The path of the eclipse, however narrow, is certain, but the weather is another matter. Espenak, who has shown up for 20 eclipses since 1970, lost five of those to cloud cover. As a professional eclipse-viewer, he is philosophical about it. But for people who quit their jobs or take a second mortgage to get to the Gobi Desert, a cloud-blown eclipse can be devastating.
Enter the eclipse travel industry, which tries to pare down the risk of bad weather and, should clouds roll in, buffer disappointment with an intriguing itinerary. Espenak helps organize eclipse trips of 75 to 400 people, run by Oklahoma-based Spears Travel. This year he helped select a location between the Gobi and the Taklamakan deserts, in northwestern China, which presents a 70 percent chance of clear skies. "You make these choices based on [long-range] climate statistics," Espenak says, "but what you get on eclipse day is [short-term] weather, so you just try to stack the odds in your favor."
Mimi Leavitt of Winco Tours says that since launching her first trip, in 1963, all 11 tours have yielded clear viewings. She has a secret weapon in her meteorologist husband, who is a fellow of the American Meteorological Society and a member of advisory committees of the National Weather Service and National Academy of Sciences. "Peter picks a location based on the weather, then I plot the itinerary," she says. "Plumbing and amenities are not our priority." Winco's 17-day expedition this year will wind through China, culminating in the desert near Yiwu for the eclipse.

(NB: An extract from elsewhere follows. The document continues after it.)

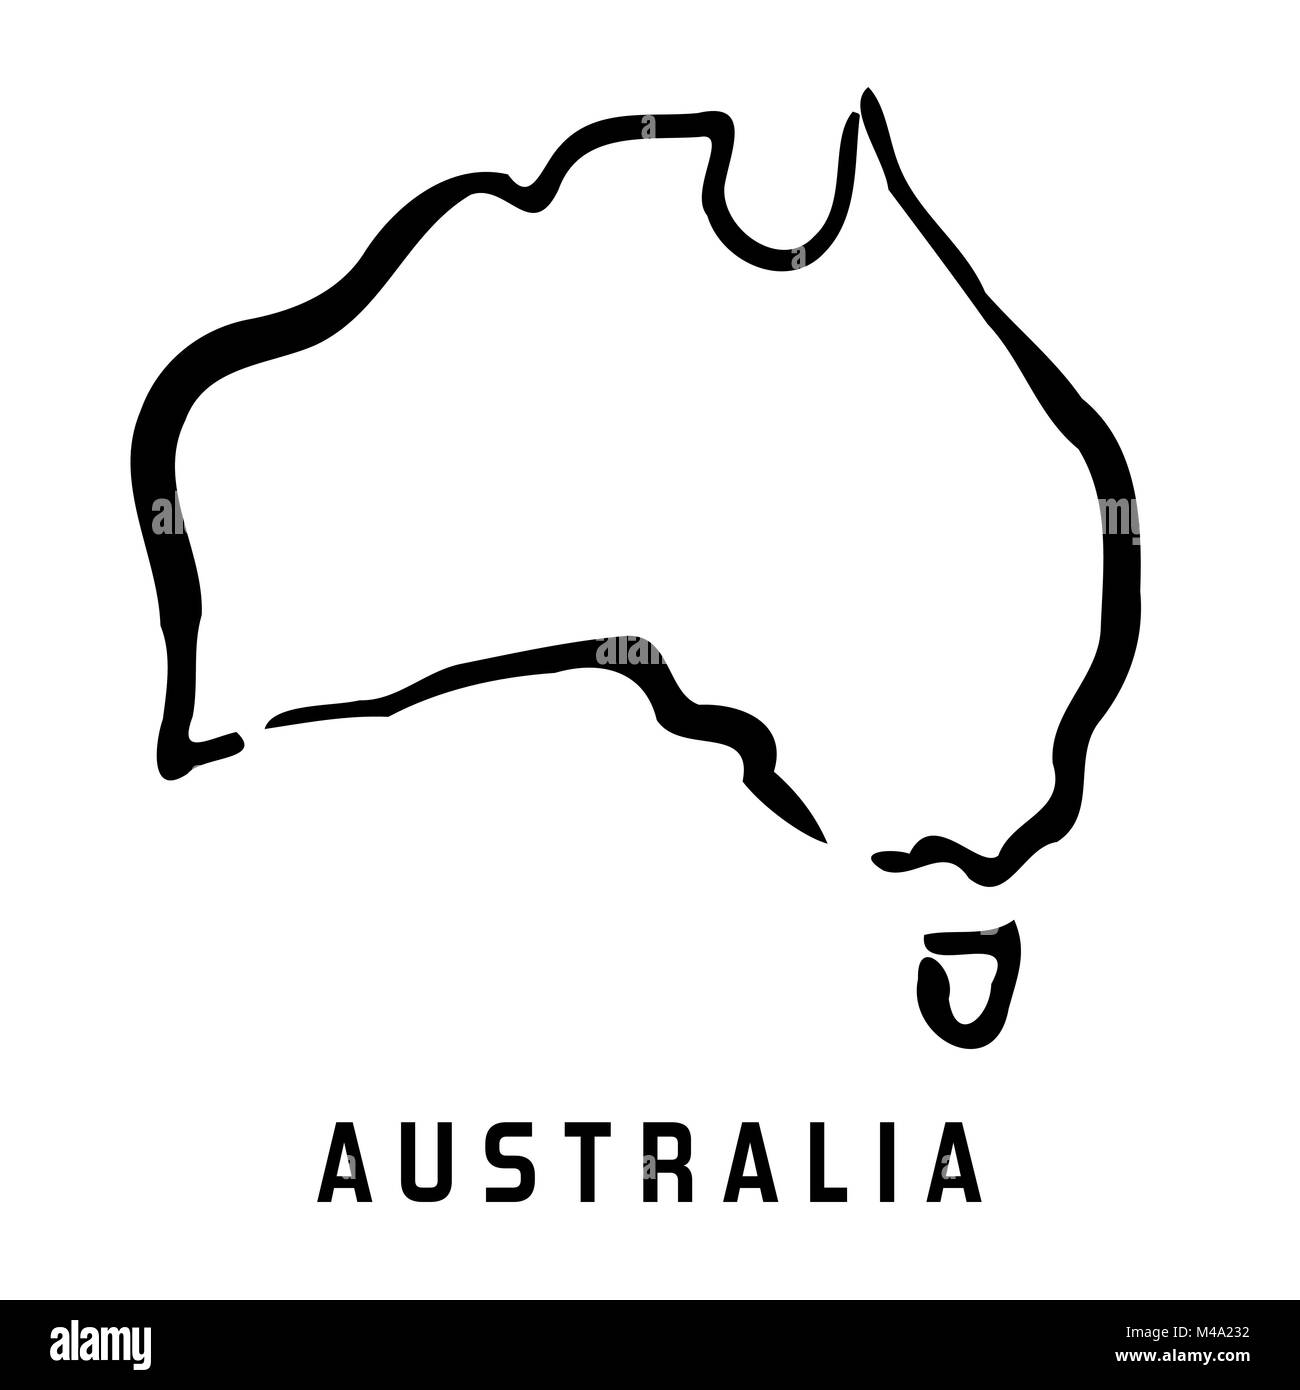 simple tasmania map, simple myanmar map, simple mediterranean map, simple south asia map, simple russian federation map, simple carribbean map, simple okinawa map, simple u.s. map, simple land use map, simple denmark map, simple south america map, simple bolivia map, simple switzerland map, simple china map, simple western front map, simple austria map, simple colombia map, simple guam map, simple basque country map, simple parking map, on simple australia map

Jubier's travel company, Eclipse City, often partners with scientific expeditions. In 2006, he took a group to Libya, where he worked with the country's military to build "a cozy camp" in the middle of the Sahara, using military planes and helicopters to get people around safely. Three years before that, he flew 80 people from Cape Town to Antarctica, where they became the first travelers to witness a total solar eclipse from that continent. It lasted 1 minute, 24 seconds.
"The sun was just barely over the ice, and it was the best spectacle I have ever seen," Jubier says. "One woman sold her house to pay for the trip. After the eclipse she said, 'Now I can die.' "
McGlaun even has plans for a post-mortem viewing: "It's in my will that in 2024 my survivors have to open my urn and let me see the eclipse from my front porch, because the shadow will pass right over my house."